AGRN: A Vital Gene in the Nervous System


AGRIN (agrin) is a gene that encodes a protein essential for the development and function of the nervous system. It plays a crucial role in the formation of neuromuscular junctions, where nerve cells communicate with muscle cells.

The AGRN protein is a large, multi-domain molecule that interacts with various components of the extracellular matrix and cell surface receptors.
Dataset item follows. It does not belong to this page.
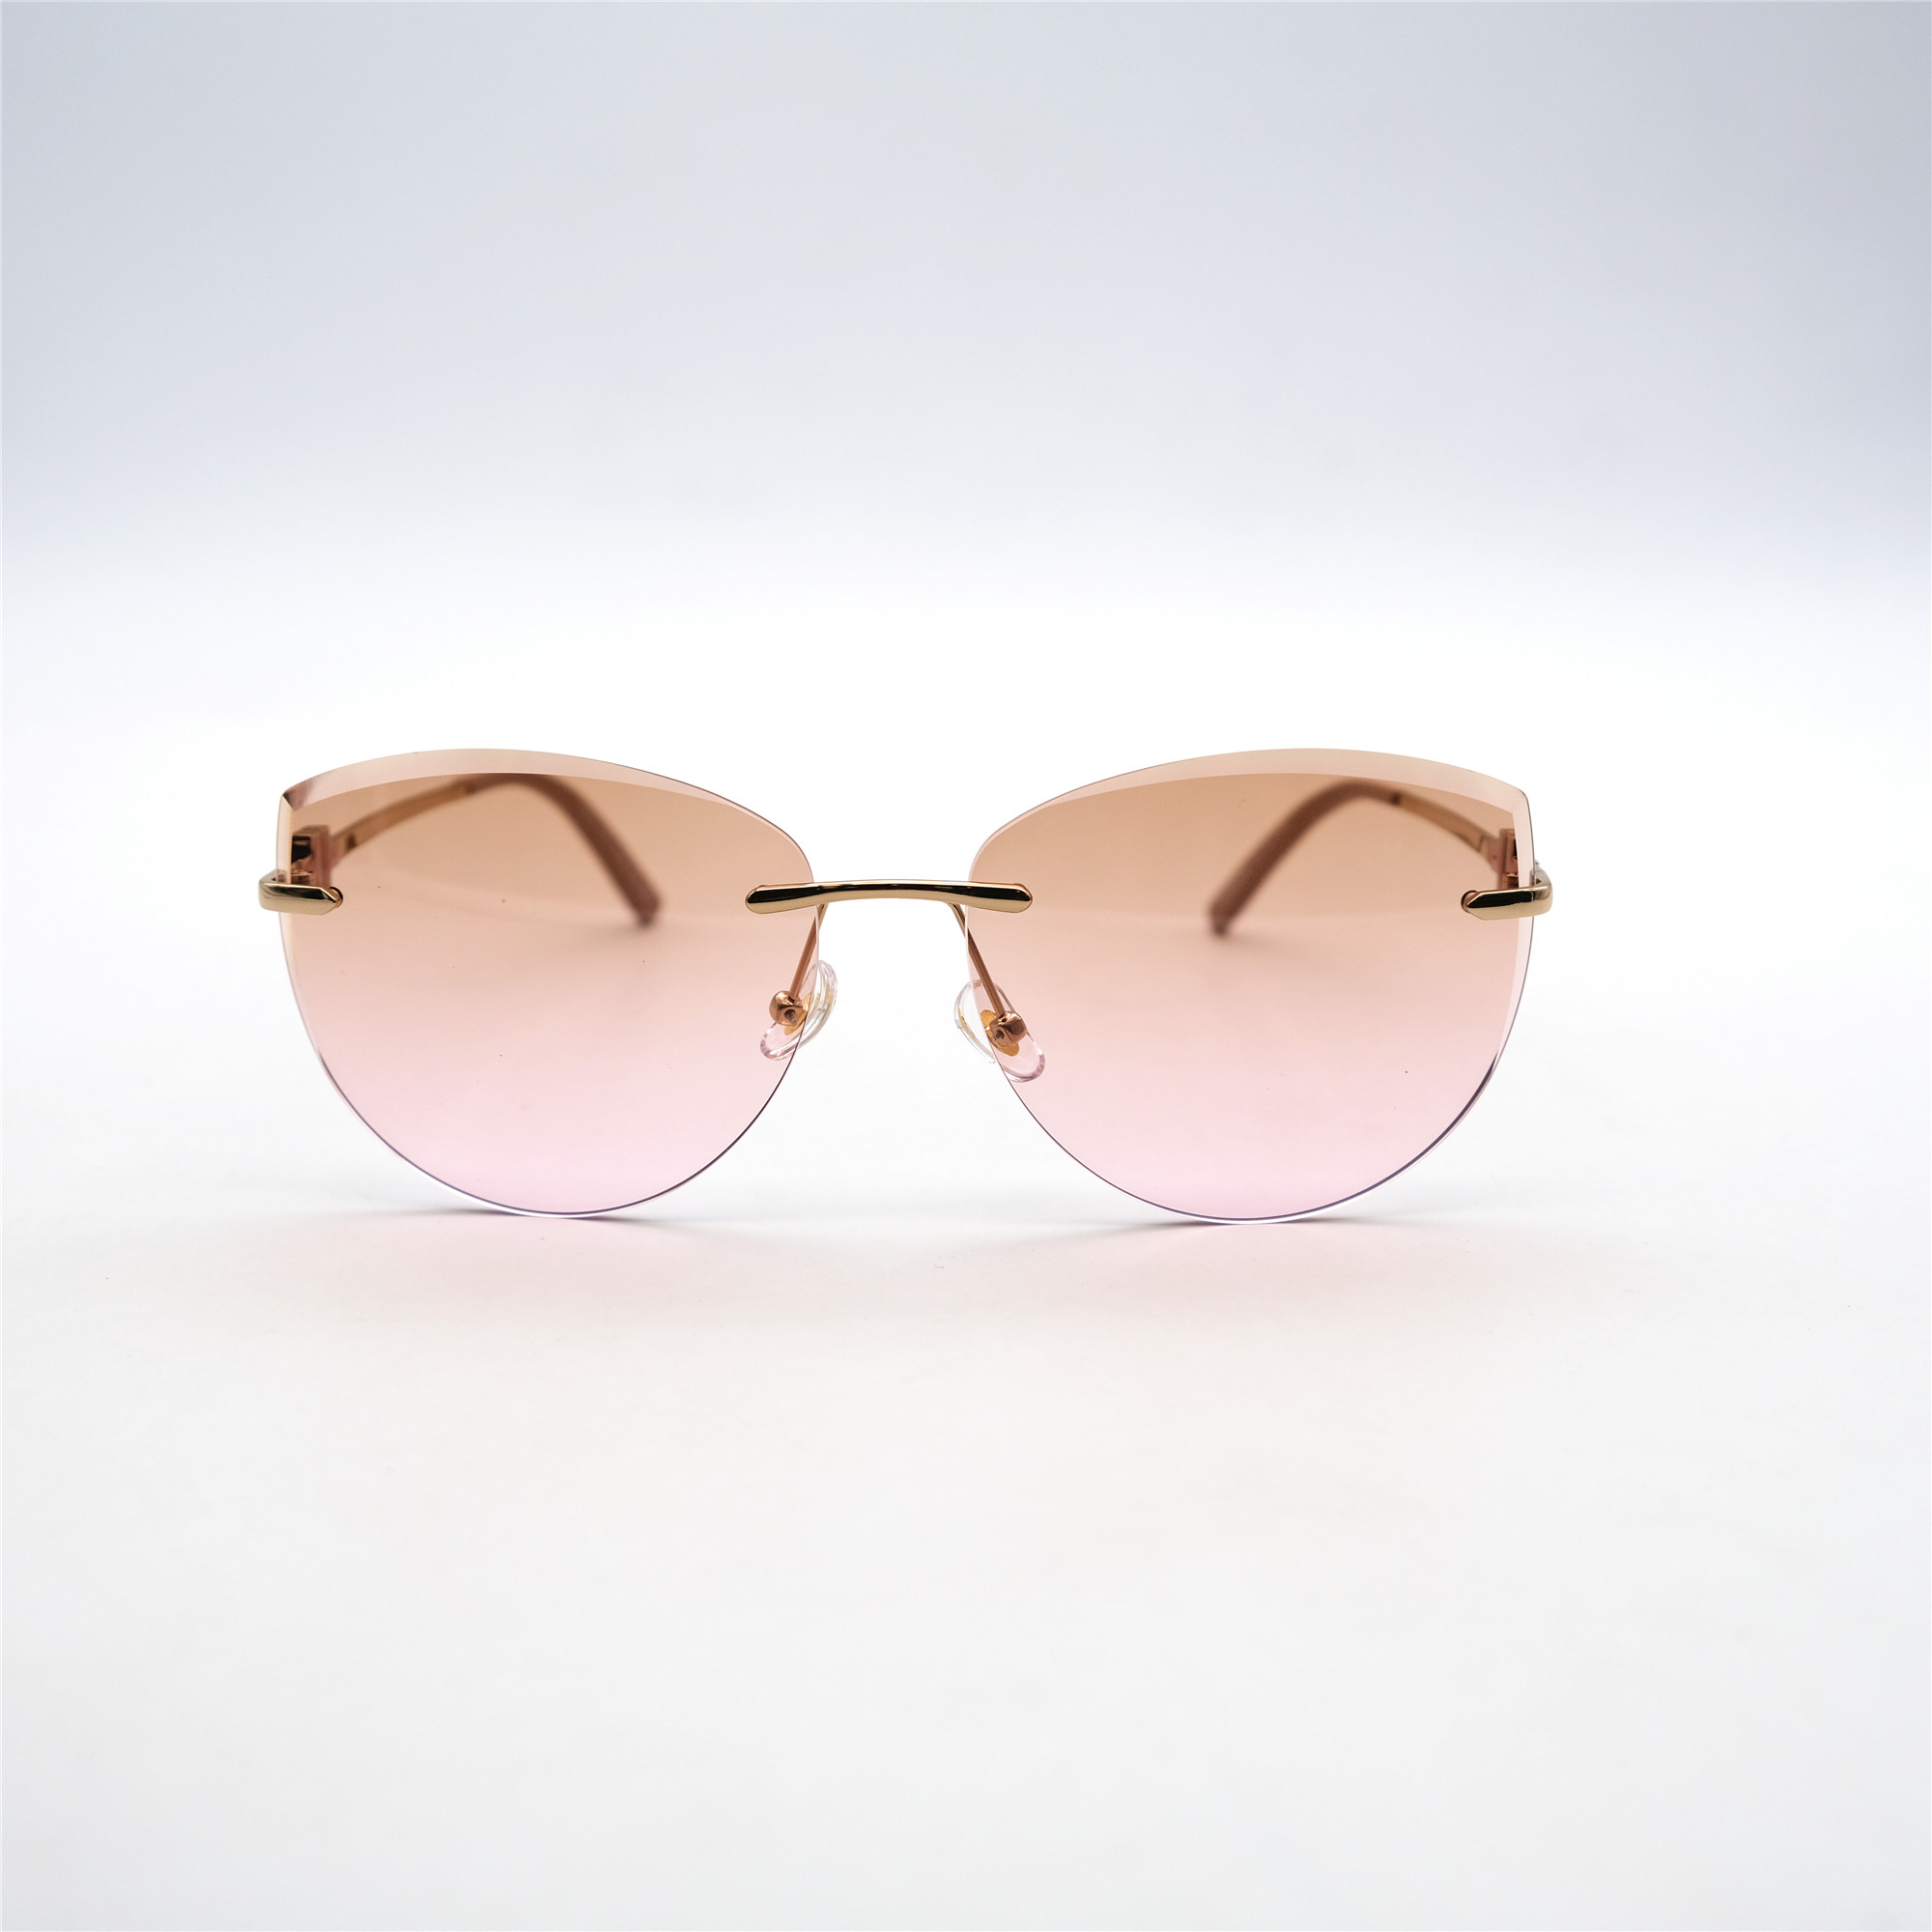  Солнцезащитные очки картинка Женские Yamanni  Авиаторы D2503-C8-13

It acts as a bridge between nerve cells and muscle cells, facilitating the transmission of electrical signals.

Associated Diseases

Mutations in the AGRN gene can lead to several neuromuscular disorders, including:

  • Congenital Myasthenic Syndrome (CMS): A rare disorder that causes muscle weakness and fatigue from birth.
  • Distal Myopathy with Respiratory Failure (DMRF): A progressive muscle disorder characterized by weakness in the arms and legs, eventually leading to respiratory failure.
  • Lambert-Eaton Myasthenic Syndrome (LEMS): An autoimmune disorder that affects the communication between nerve cells and muscle cells, leading to muscle weakness and fatigue.

Did you Know ?

AGRIN mutations are estimated to occur in approximately 1 in 100,000 individuals.

Disclaimer: The information provided here is not exhaustive by any means. Always consult your doctor or other qualified healthcare provider with any questions you may have regarding a medical condition, procedure, or treatment, whether it is a prescription medication, over-the-counter drug, vitamin, supplement, or herbal alternative.